The mass email, which describes underground storage tanks and environmental seepage at the former institution for people with disabilities, was sent out yesterday by State Senator Robert A. “Bobby” Zirkin (D-Baltimore County.) It’s based in part on a quietly-released environmental assessment from the Maryland Department of Health and Mental Hygiene.
Costing the state millions of dollars for inefficient and what many felt was substandard care for a dwindling number of residents with disabilities, the institution was finally closed by Governor O’Malley in January of ‘08, and the last resident moved out in May ‘09. But that was not the end. Now the property, though uninhabited, is still costing the state $2.6 million a year for security and upkeep, because it needs a lengthy and expensive clean up before it can be sold. To see the master plan for future development of the Rosewood site, click here, and then click on the Rosewood photo at the right of that site.
Although Rosewood housed our most vulnerable disabled population just eight months ago, it is now considered a dangerous environmental and health hazard, according to the DHMH assessment.
Zirkin saw fit to warn his constituents in graphic terms:
“Buildings throughout the property contain dangerous lead and asbestos,” he wrote. “An underground tunnel system, abandoned for many years, snakes around the campus with hints of environmental seepage. Coal ash is abundant on the property with high density near the old power plant. Multiple contaminants were found on the property. And underground storage tanks with unknown chemicals lie throughout. These environmental issues pose a serious risk, and the challenge of cleaning these grounds is of critical importance…It is vitally important that individuals not trespass on this abandoned property. Rosewood is simply an unsafe environment…”

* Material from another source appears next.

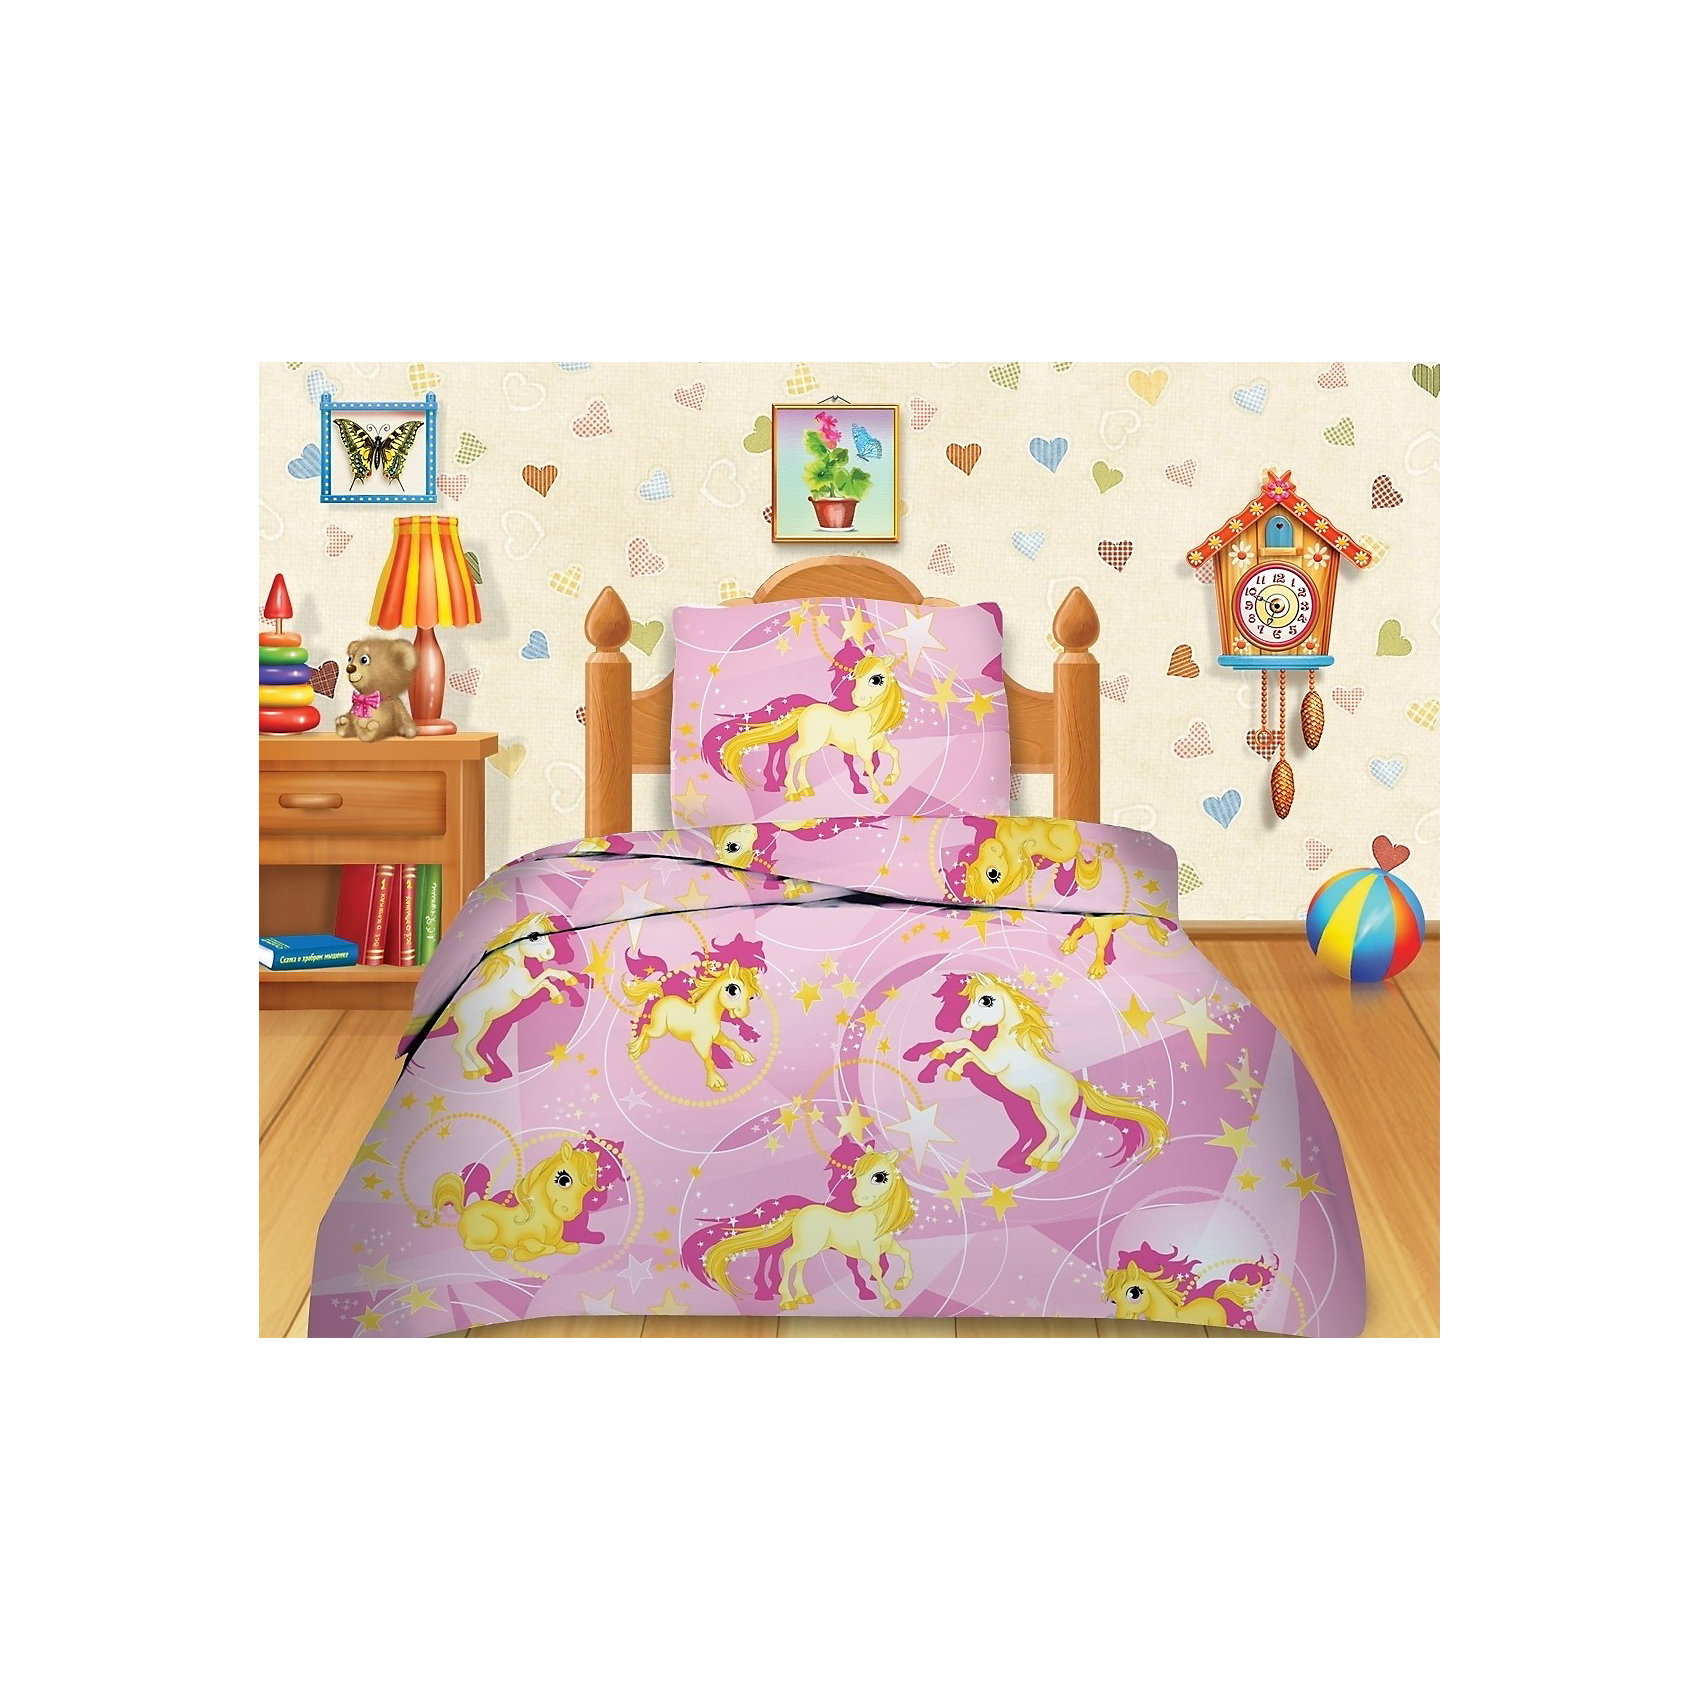 постельное белье эго комплект 1 5 спальный бязь - Постельное белье 1,5 Лошадки, бязь, 70*70, Кошки-мышки

He goes on to say that “the remediation of the Rosewood grounds is a staggering challenge given the enormity of the environmental and health issues. Cleaning Rosewood will unfortunately take significant time. The grounds…contain the accumulation of a century of use and decades of decay. Cleaning these grounds is of critical importance to our area and for the future of Northwest Baltimore County.”
What about the hundreds of people who recently lived there? As Margie Allen, a parent of an adult with developmental disabilities, commented, “This…makes me ill. It was fine for our loved ones to live in until recently but now it’s not safe to even walk across the grass.”
Tragically, this sort of double standard was historically prevalent, as the ARC’s Marchand points out. “During the height of the 60’s Civil Rights marches for equality and rights, people with disabilities were being forced to strip naked and be hosed down at Rosewood for running away – paid for by state dollars.”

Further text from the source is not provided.